EXCERPTED DATA:
┄┄┄┄┄┄┄┄┄┄┄┄┄┄┄┄┄┄┄┄

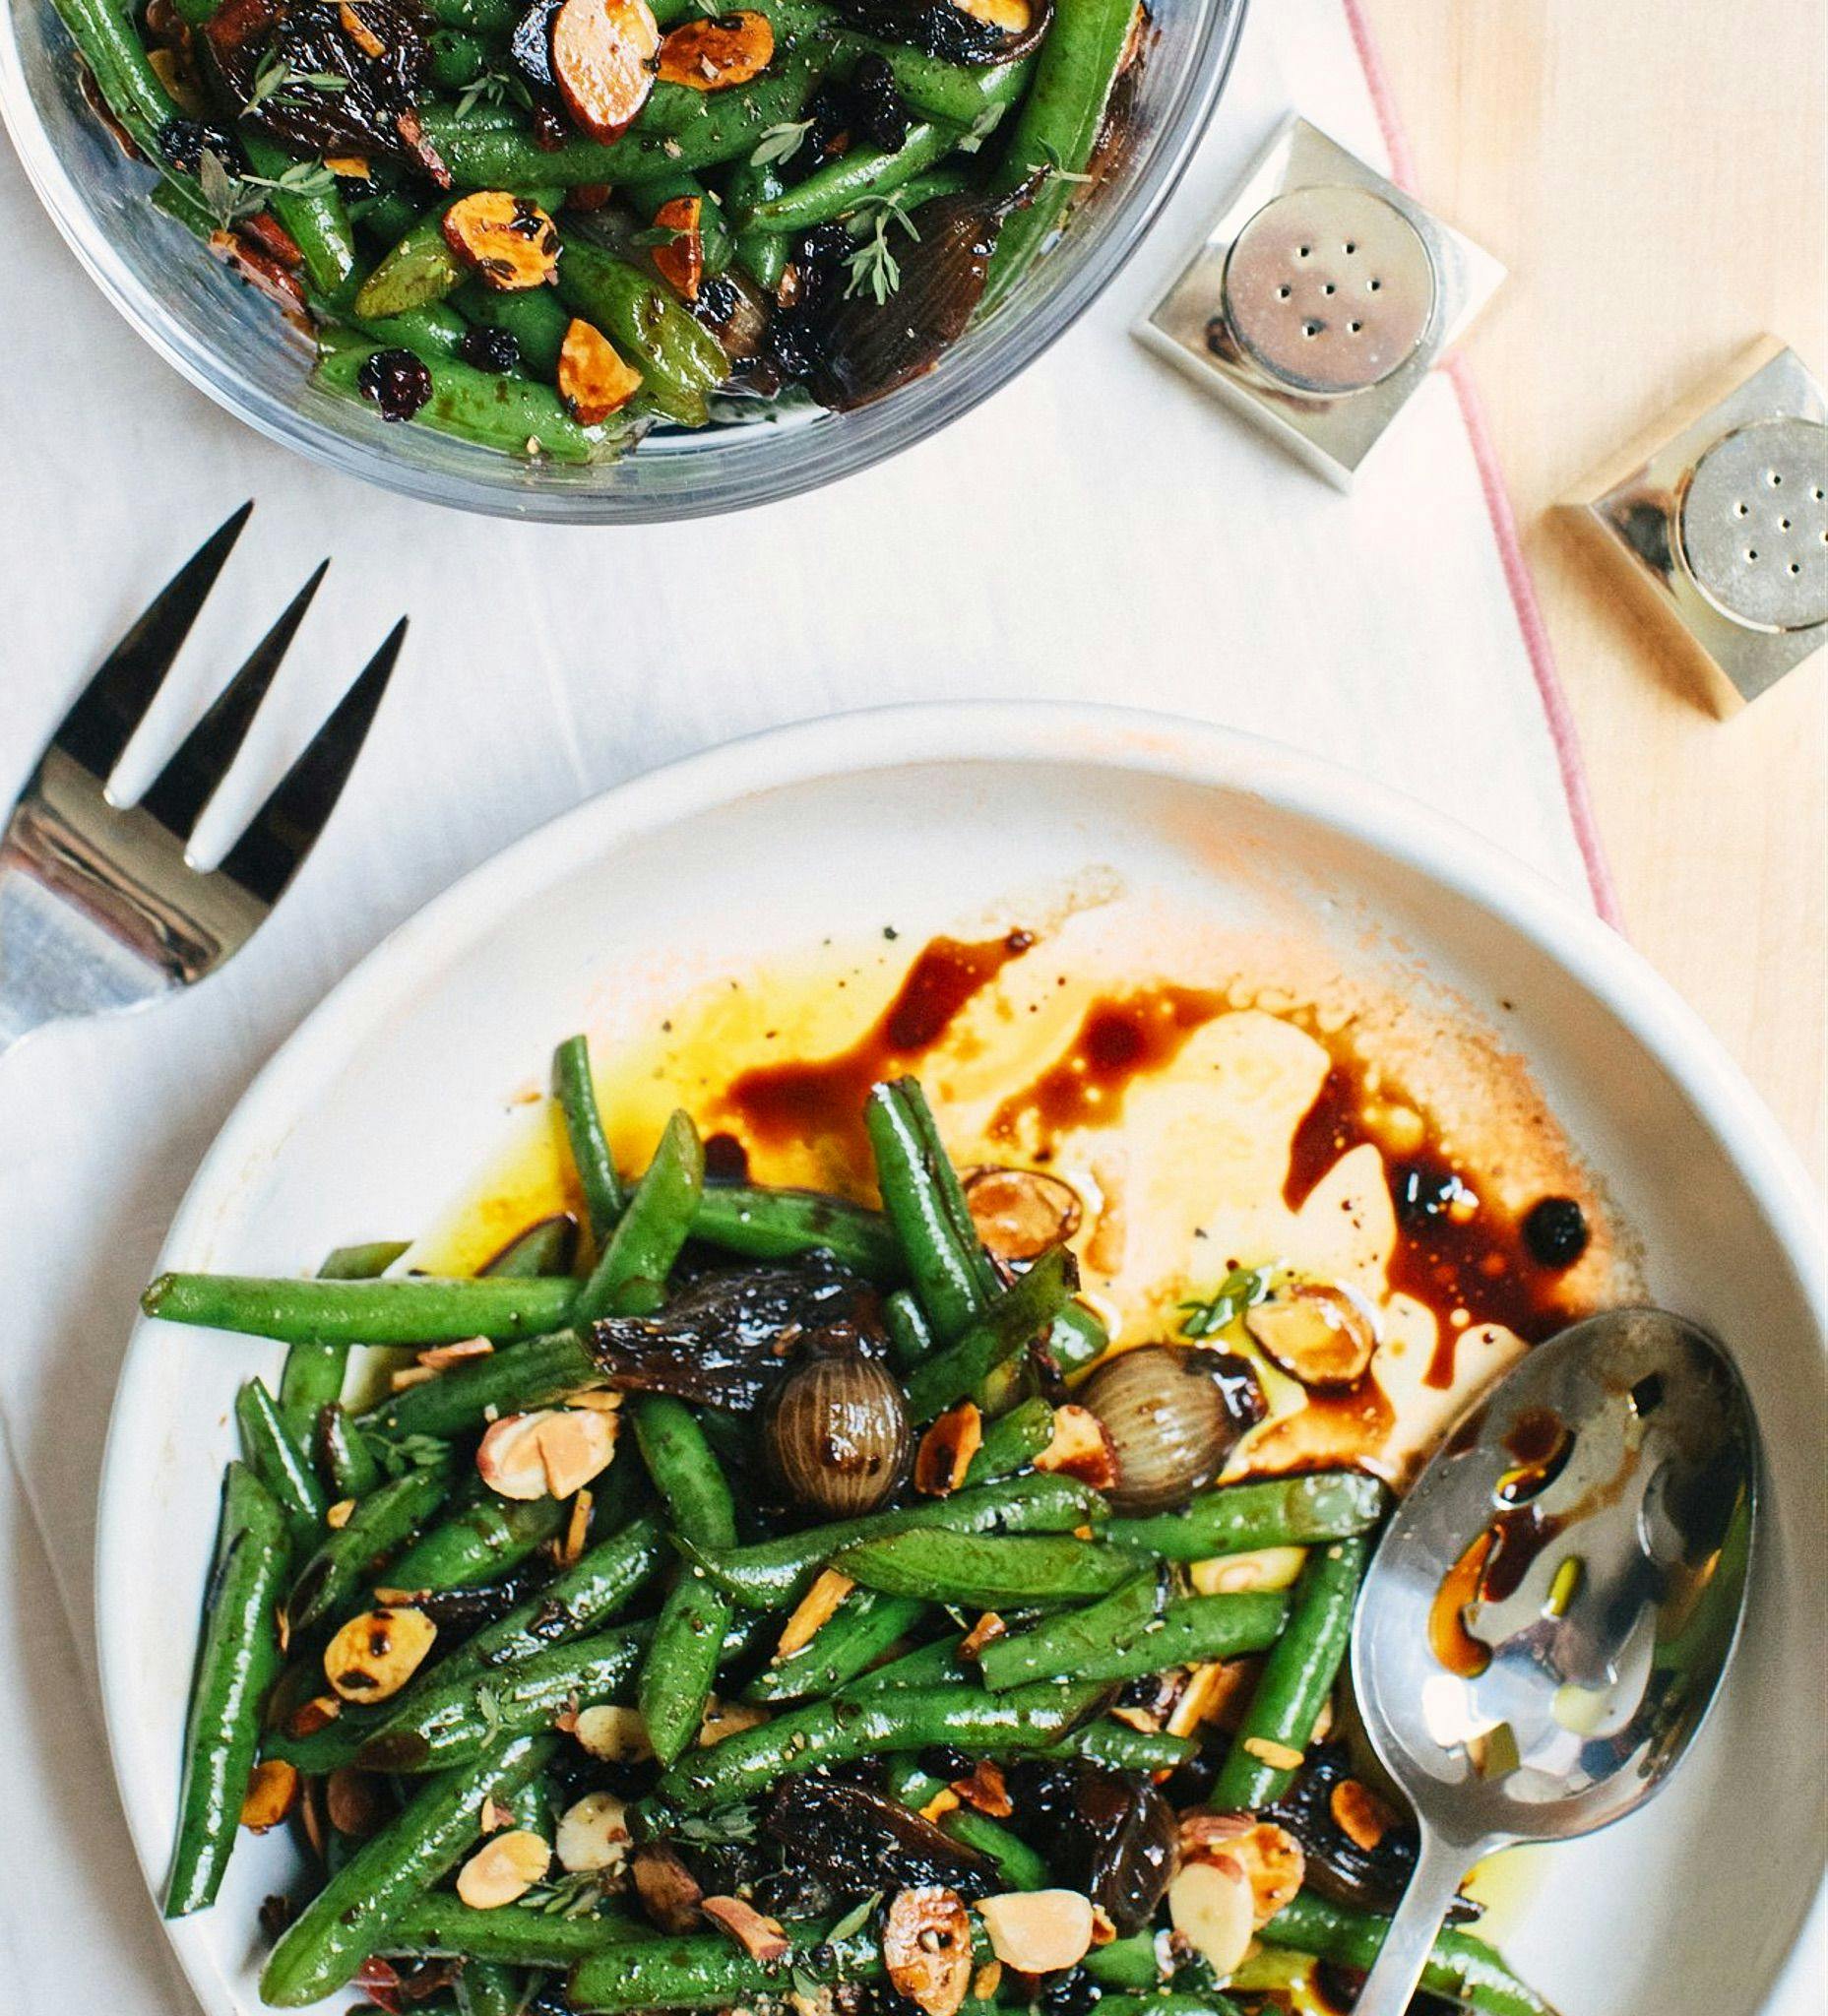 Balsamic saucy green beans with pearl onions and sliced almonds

┄┄┄┄┄┄┄┄┄┄┄┄┄┄┄┄┄┄┄┄

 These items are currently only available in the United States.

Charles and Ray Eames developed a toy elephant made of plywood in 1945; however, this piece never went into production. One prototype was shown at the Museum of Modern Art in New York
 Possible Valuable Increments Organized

┄┄┄┄┄┄┄┄┄┄┄┄┄┄┄┄┄┄┄┄

Would you print exactly and only the lines of the material above that run from the line with "These items are" through the line with "Possible Valuable Increments Organized", both included?

 These items are currently only available in the United States.

Charles and Ray Eames developed a toy elephant made of plywood in 1945; however, this piece never went into production. One prototype was shown at the Museum of Modern Art in New York
 Possible Valuable Increments Organized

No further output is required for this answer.